Thirty percent of the whole wheat flour and 70% of commercially available wheat flour for noodles (Kinsuzuran, from Nisshin Flour Milling Co., Ltd.) were mixed. A hundred parts of the mixed flour was mixed with 35 parts of water containing 3 parts of salt dissolved therein for 12 minutes to prepare a dough. The dough was sheeted through a pair of rolls set at a clearance of 3.6 mm, followed by resting in a plastic bag for 30 minutes at room temperature (about 20° C.). After the resting, the dough sheet was again passed between rolls into a dough sheet having a final thickness of about 2.5 mm, which was cut into strands by passage between No. 10 square-grooved cutting rolls to make Udon noodles.

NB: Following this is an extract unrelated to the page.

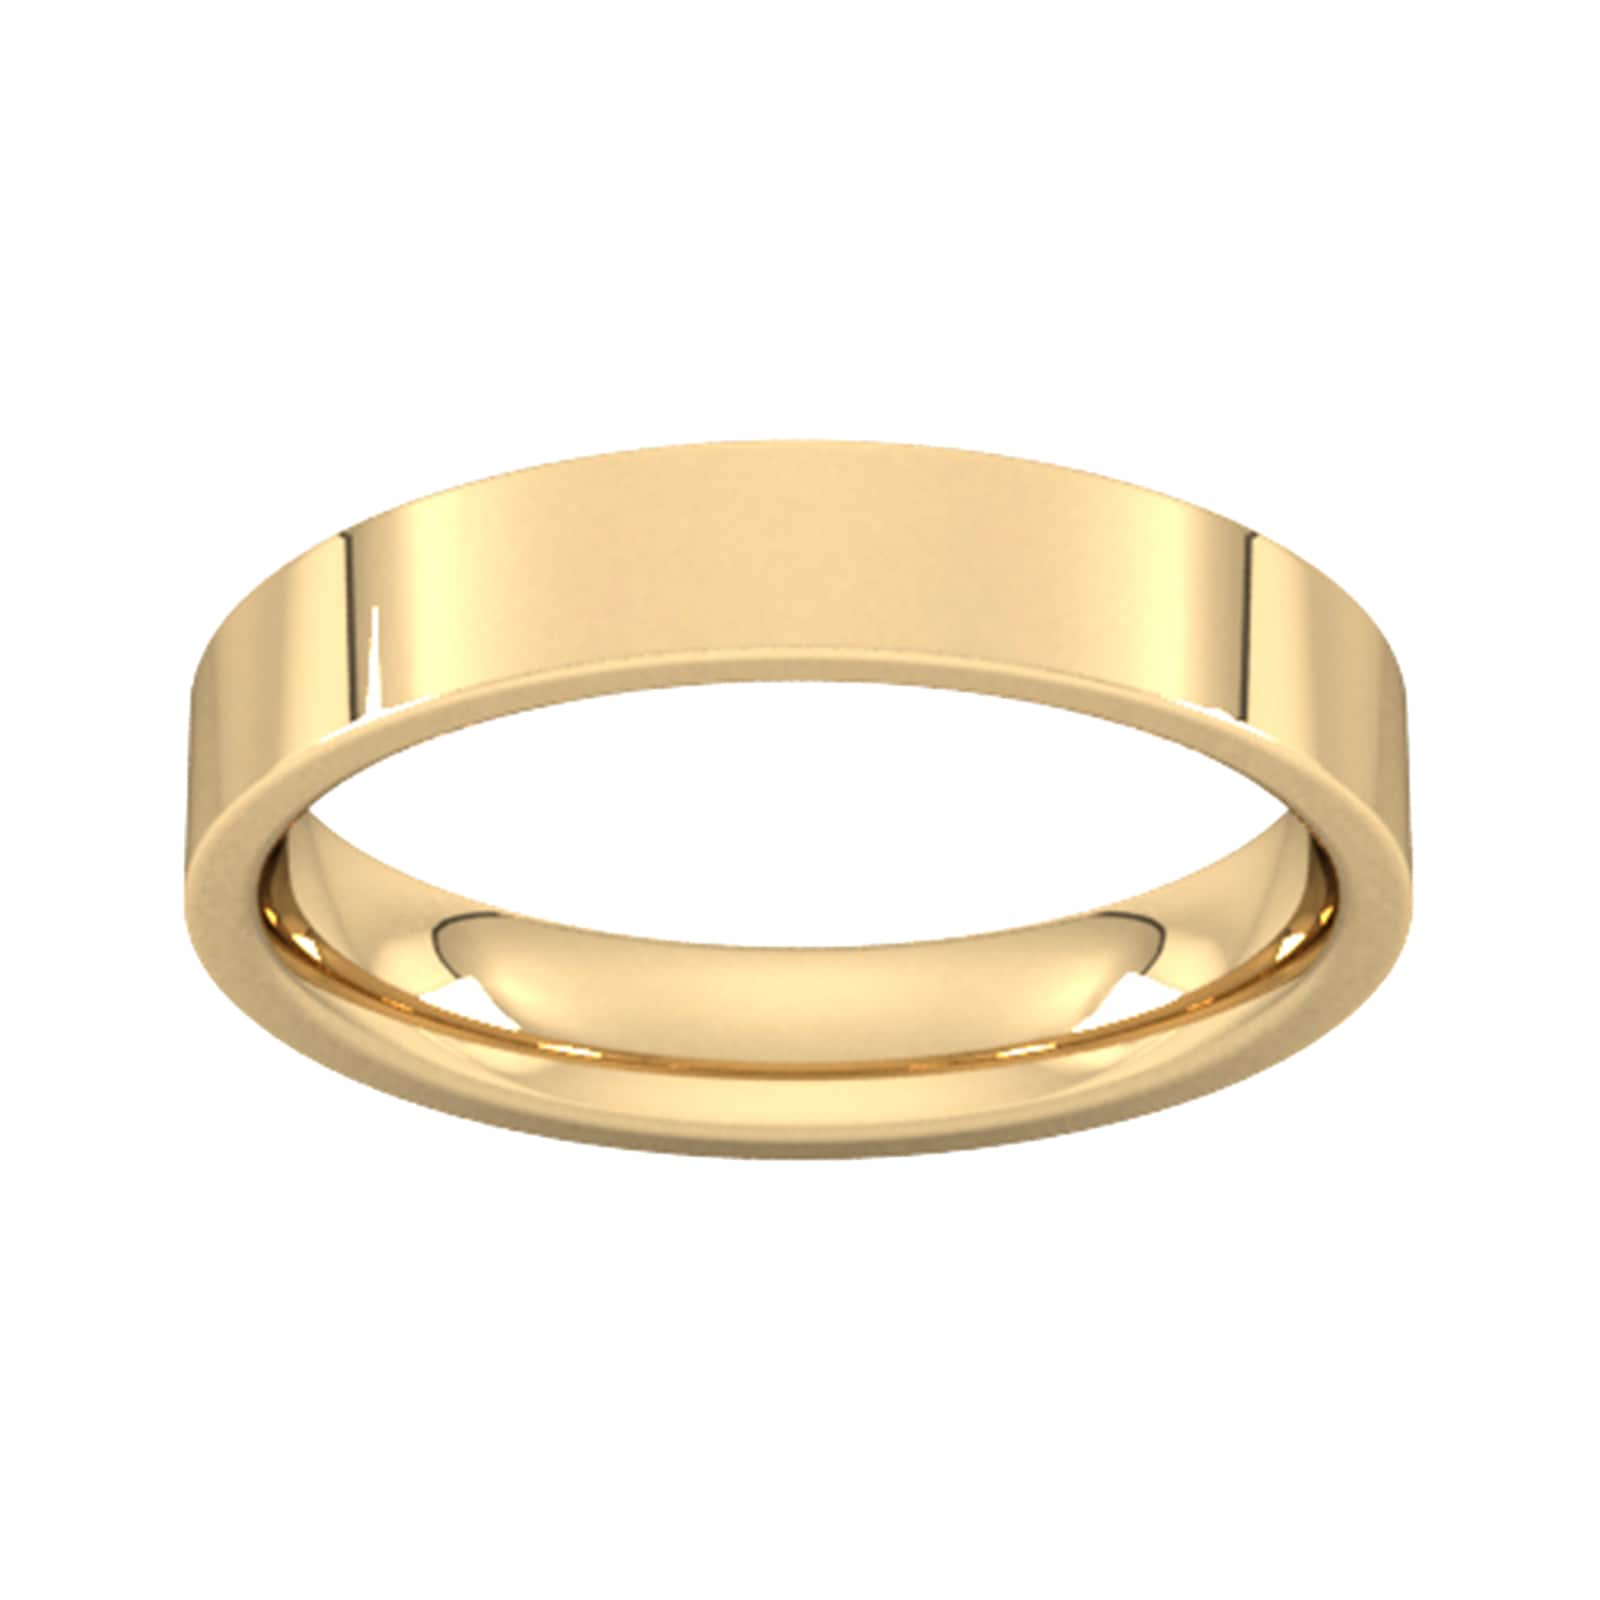 4mm Flat Court Heavy Wedding Ring In 9 Carat Yellow Gold - Ring Size O

The udon noodles were cooked in boiling water for 18 minutes, rinsed with cold water, and strained. The workability and the cooked udon noodles were scored by a panel of 10 members in accordance with the scoring system shown in Table 9 below. The results (averages of the scores by the panel) are shown in Table 8 below.
Chinese noodles were made using the whole wheat flour for noodles of Example 8 (Test Example 6) or comparative whole wheat flour 3 (Comparative Test Example 8) as follows.
Thirty percent of the whole wheat flour and 70% of commercially available wheat flour for Chinese noodles (Toku Number One, from Nisshin Flour Milling Co., Ltd.) were mixed. A hundred parts of the mixed flour was mixed with 35 parts of water containing 1 part of kansui (alkali salt blend, from Oriental Yeast Co., Ltd.) dissolved therein in a horizontal vacuum mixer under reduced pressure (−600 mmHg) for 10 minutes to prepare a dough. The dough was sheeted by passage between a pair of rolls set at a clearance of 3.2 mm, folded in half, and passed between rolls with the same clearance. This sheeting cycle was repeated twice (three times in total). The resulting dough sheet was allowed to rest in a plastic bag at room temperature (ca. 20° C.) for 30 minutes. After the resting, the dough sheet was further passed between rolls into a final thickness of about 1.4 mm and passed through No. 20 square-grooved cutting rolls to slit into strands.
The noodles were cooked in boiling water for 2 minutes, drained, and put into a bowl filled with hot soup. The workability and the cooked noodles were scored by a panel of 10 members in accordance with the same scoring system shown in Table 9. The results (averages of the scores by the panel) are shown in Table 10.